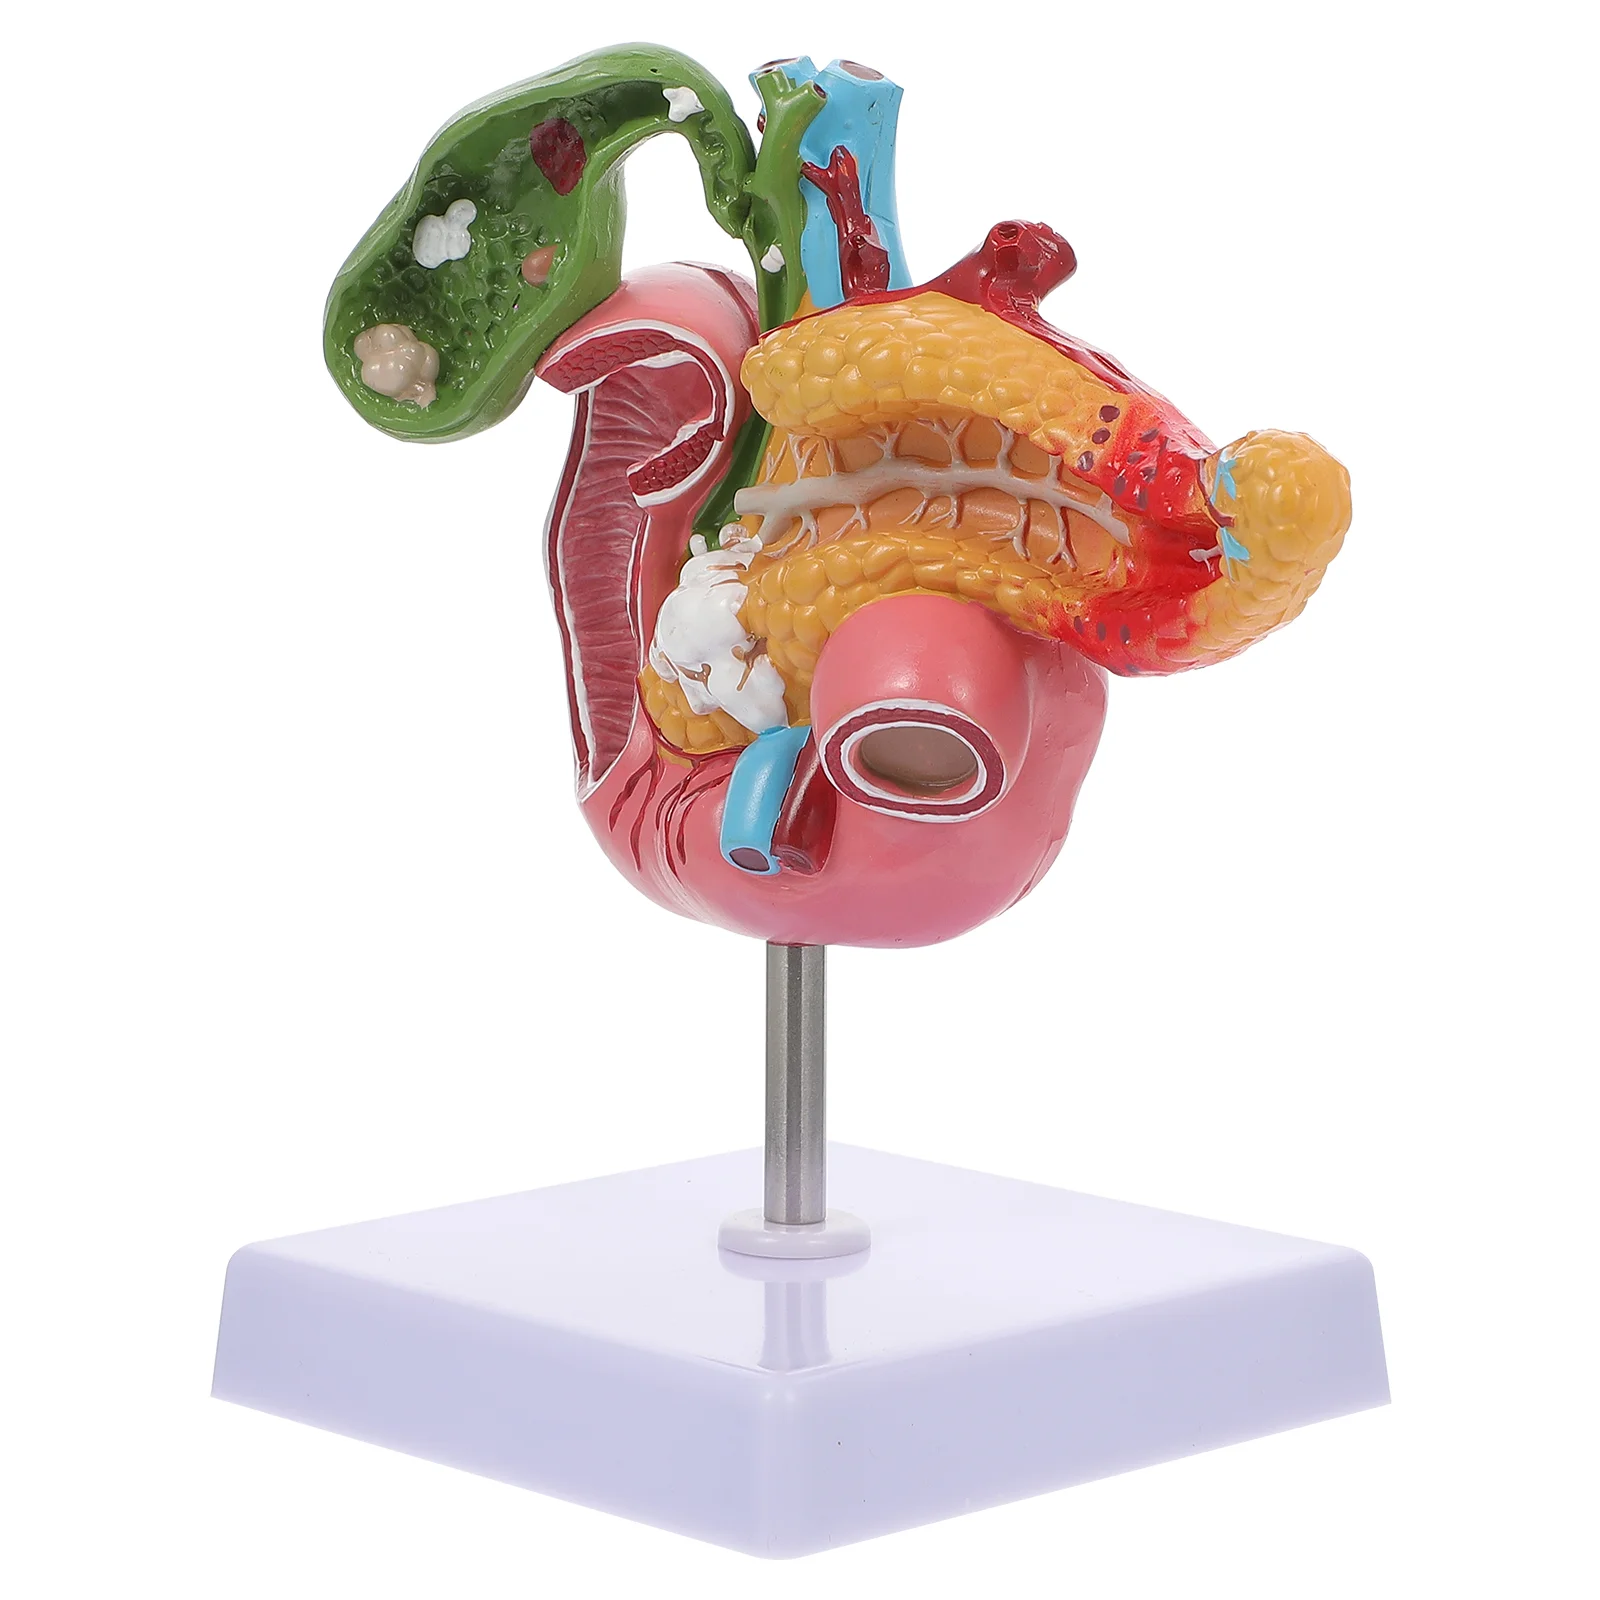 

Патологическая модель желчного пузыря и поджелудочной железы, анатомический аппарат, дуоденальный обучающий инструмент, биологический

...

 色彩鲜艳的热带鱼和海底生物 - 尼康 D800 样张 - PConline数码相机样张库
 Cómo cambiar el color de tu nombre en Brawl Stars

▶ **Brief**:
In the listing above, find the line with "色彩鲜艳的热带鱼和海底生物 - 尼康 D800 样张 - PConline数码相机样张库" and the line with "Cómo cambiar el"; output exactly those lines and all lines between them.

▶ **Response**:
 色彩鲜艳的热带鱼和海底生物 - 尼康 D800 样张 - PConline数码相机样张库
 Cómo cambiar el color de tu nombre en Brawl Stars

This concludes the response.